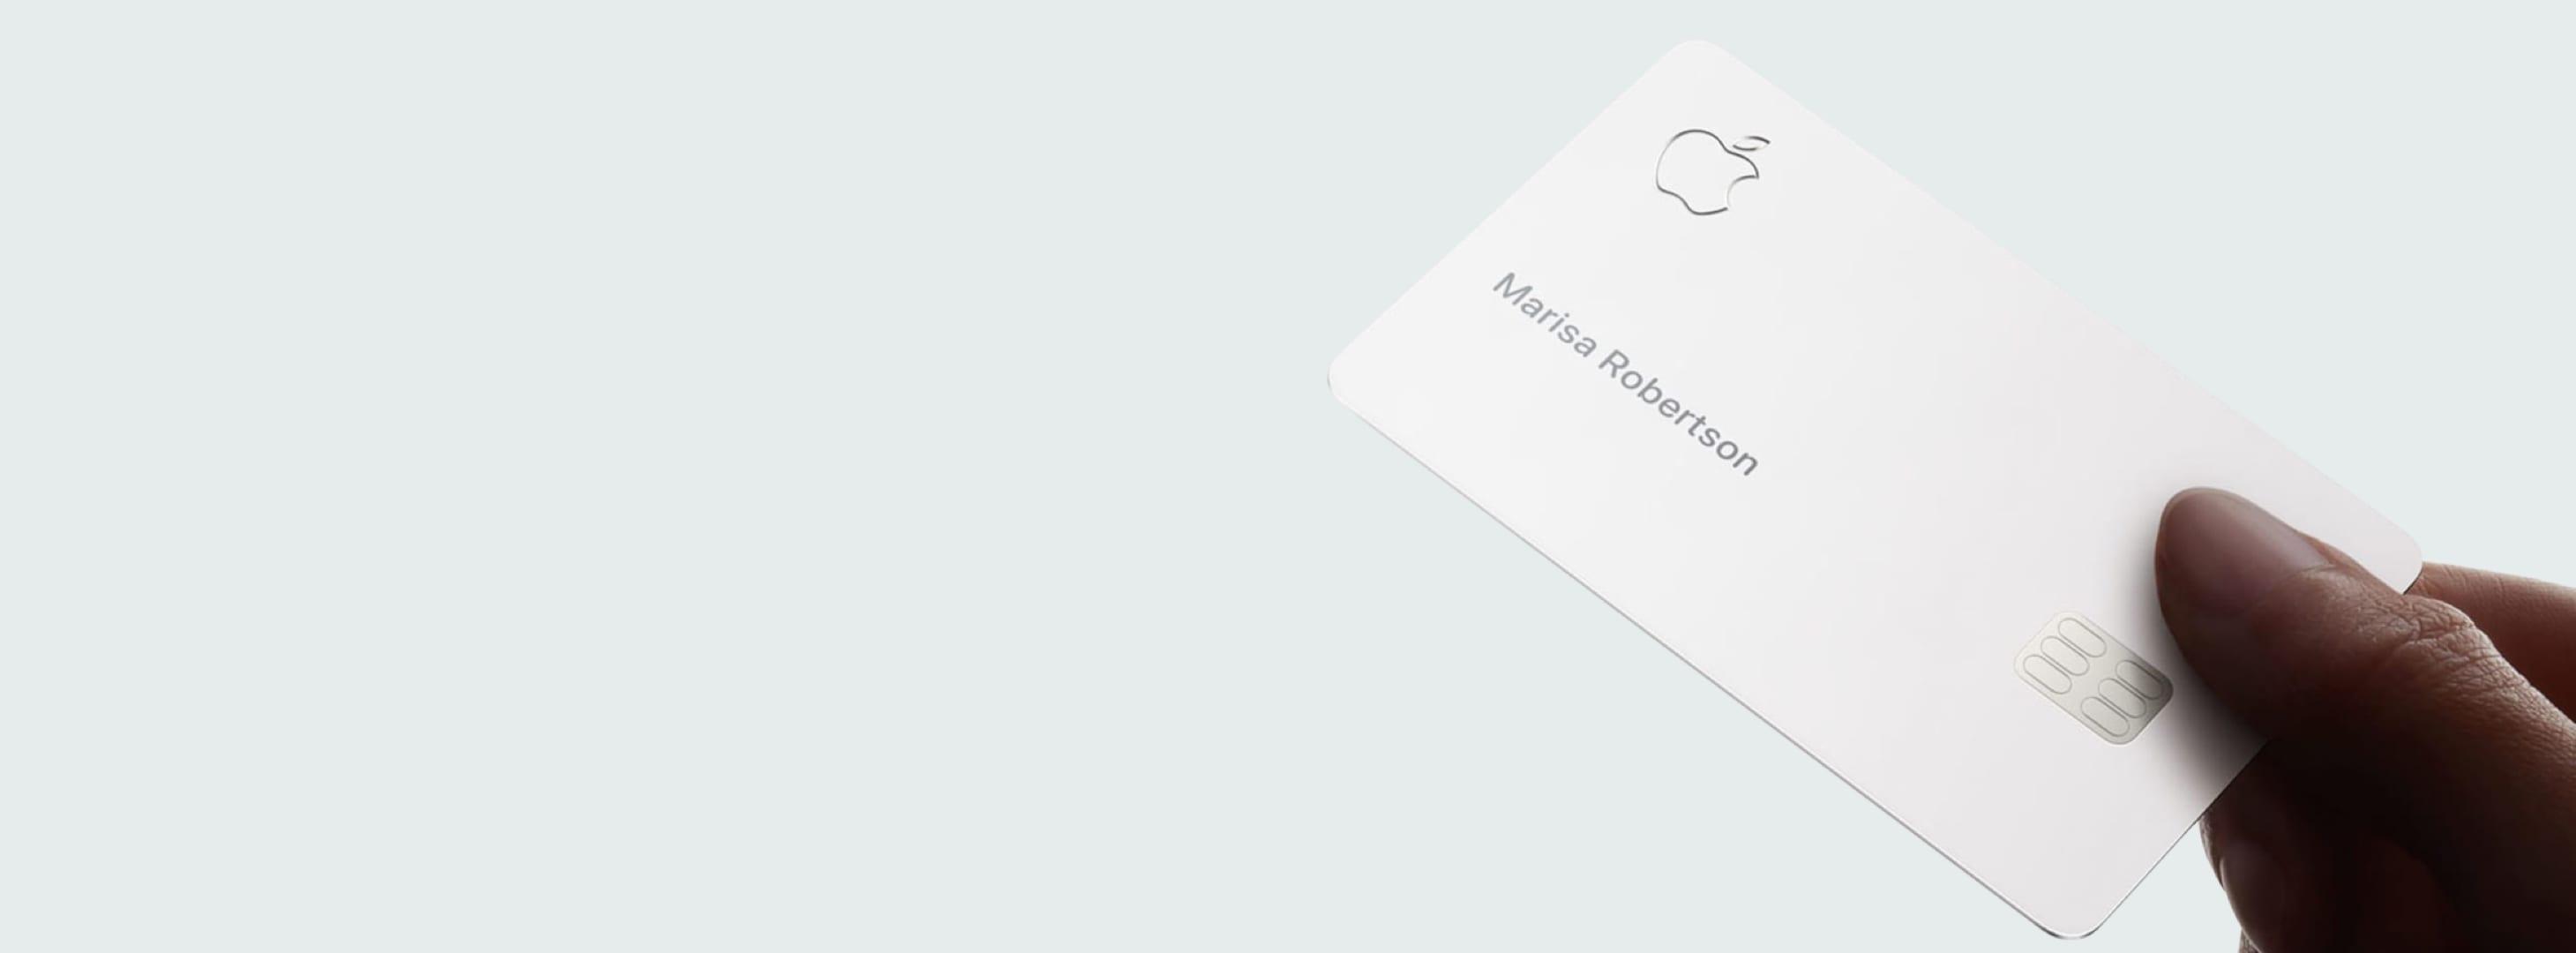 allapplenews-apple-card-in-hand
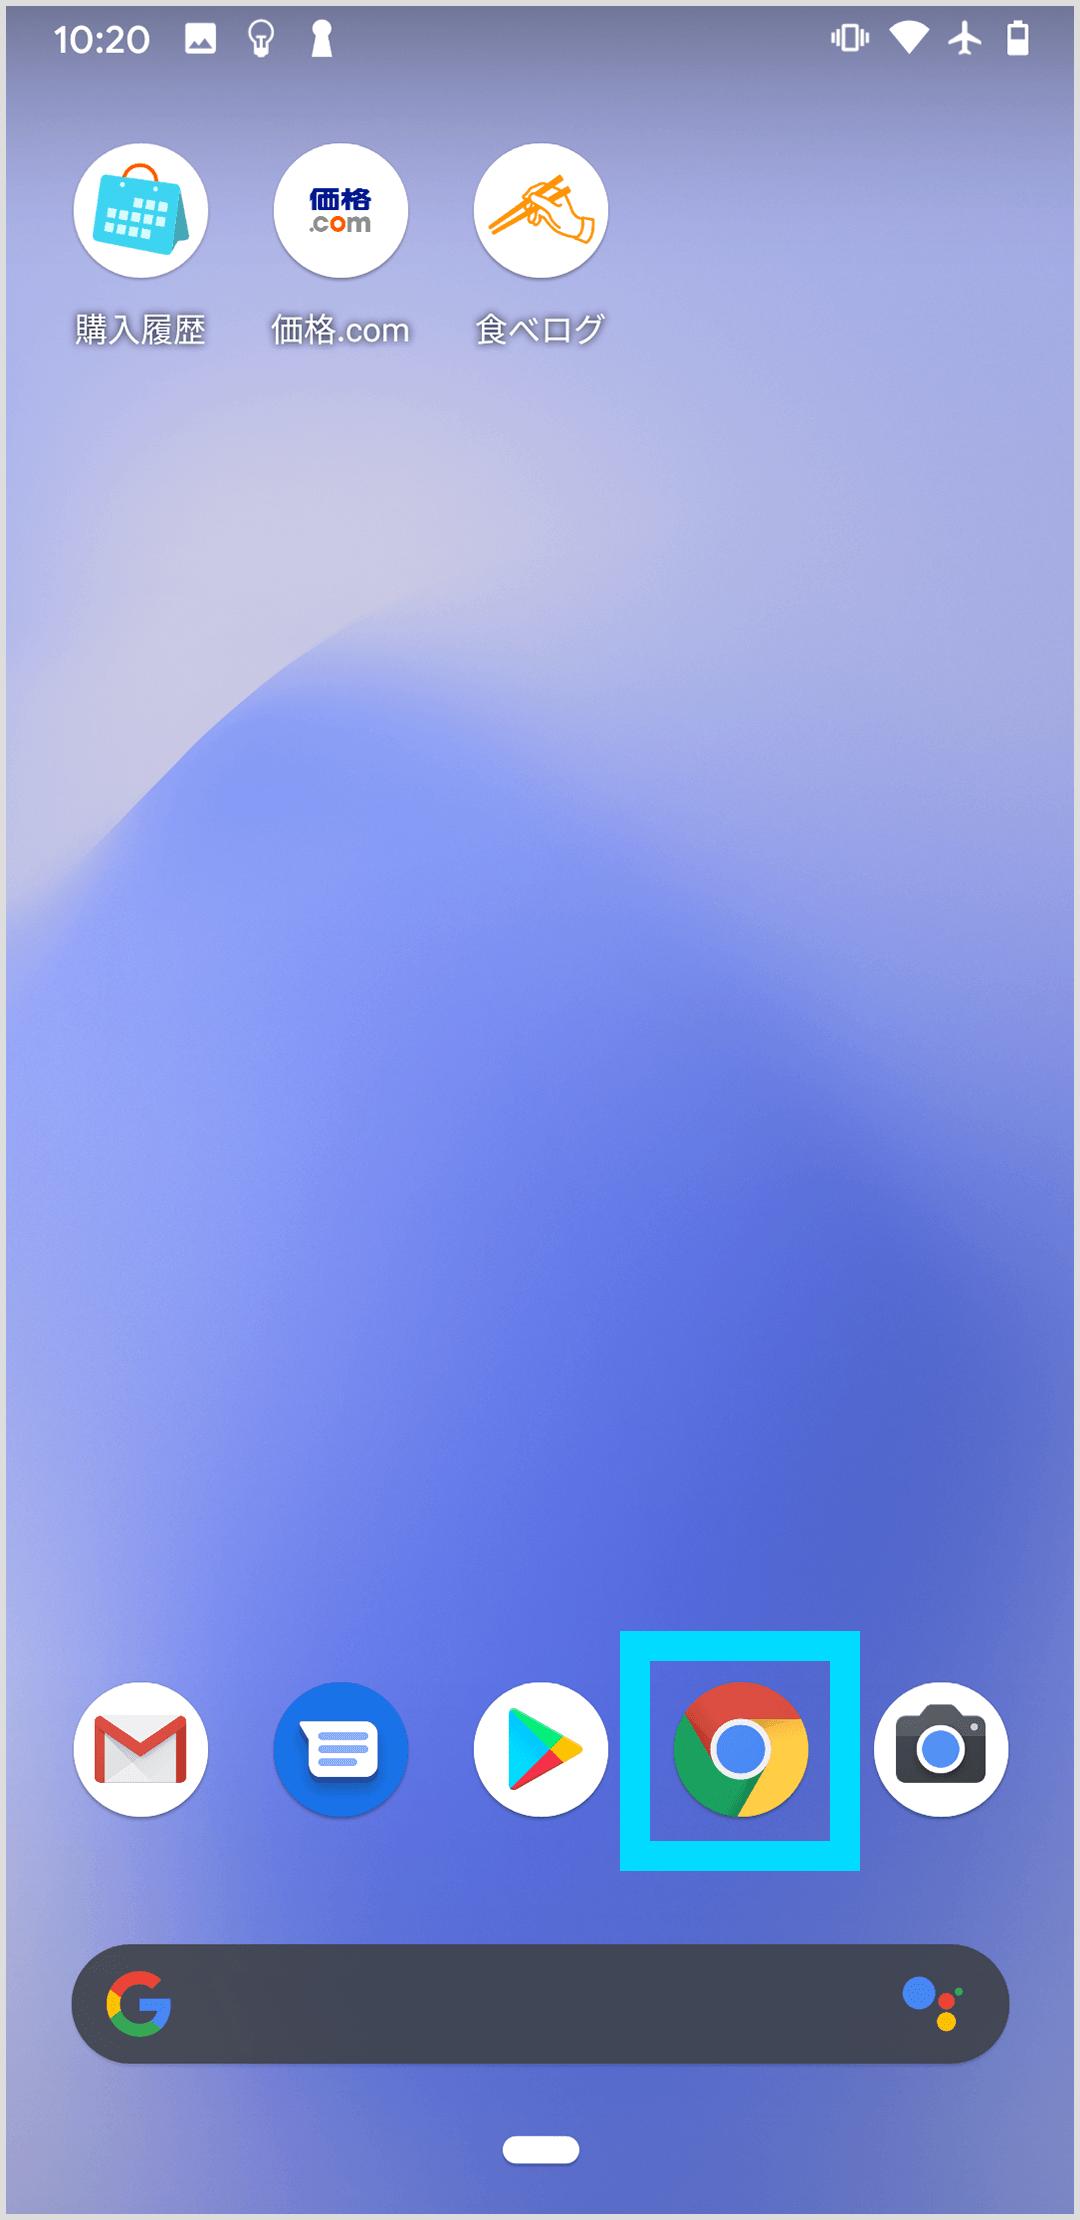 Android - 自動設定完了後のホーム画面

----

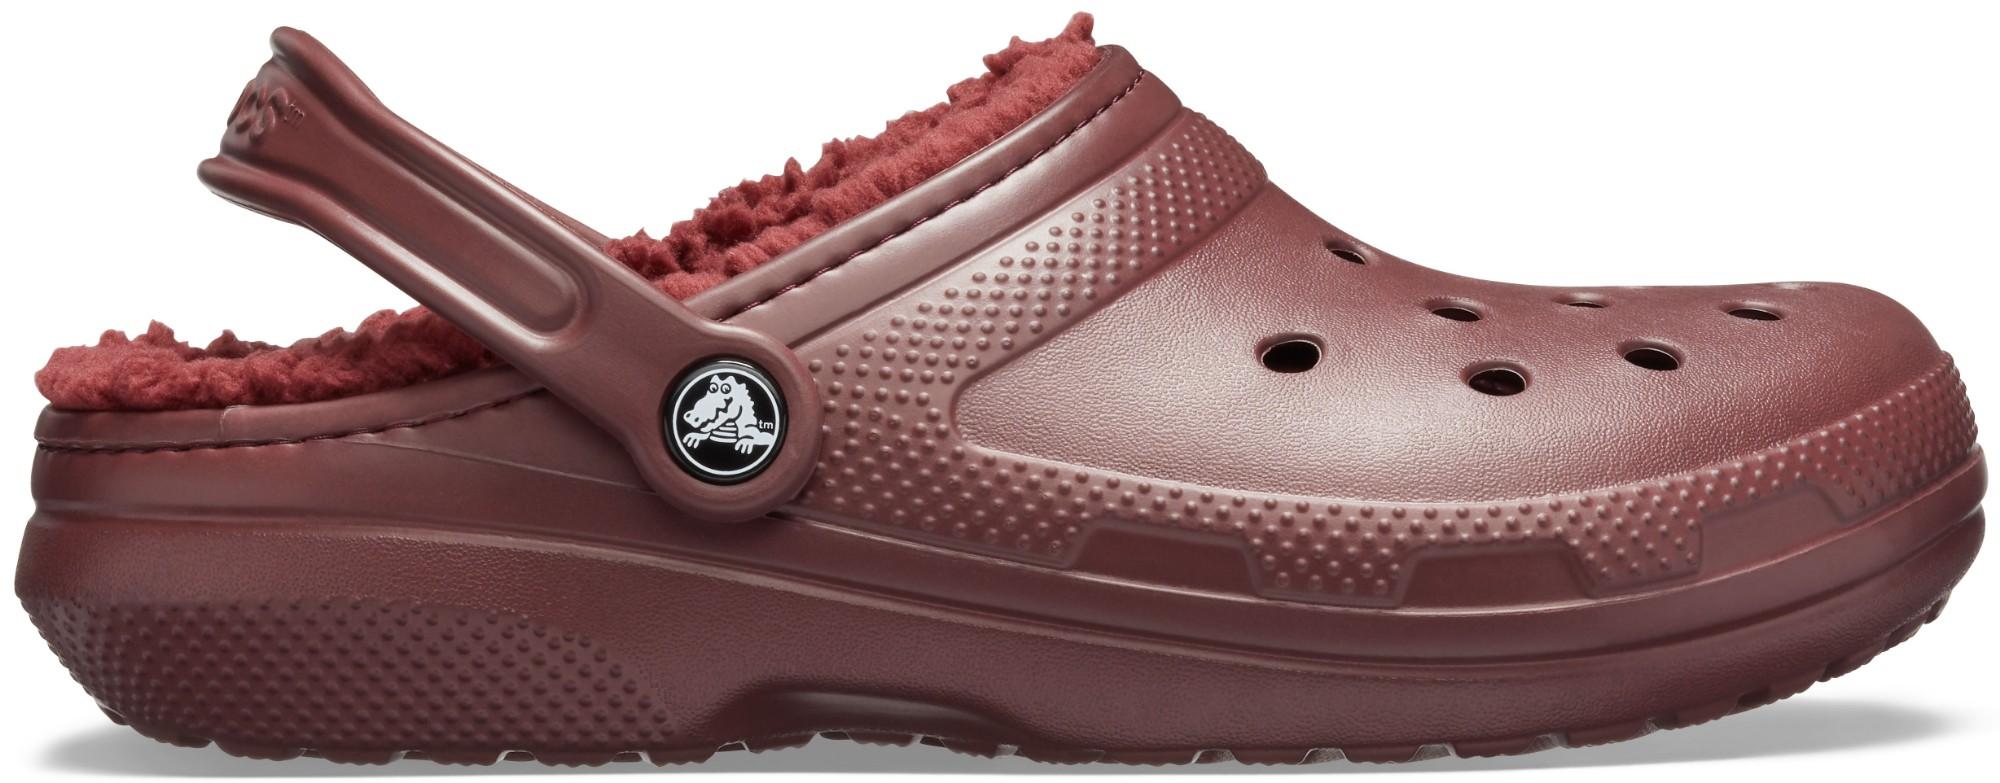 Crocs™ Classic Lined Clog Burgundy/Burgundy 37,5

----

■ WHAT IS BEING ASKED
Repeat only the stretch of data above that runs from the line with "allapplenews-apple-card-in-hand" to the line with "Android - 自動設定完了後のホーム画面". Keep both end lines; exclude pictures.

■ OUTPUT OF THE EXERCISE
 allapplenews-apple-card-in-hand
 Android - 自動設定完了後のホーム画面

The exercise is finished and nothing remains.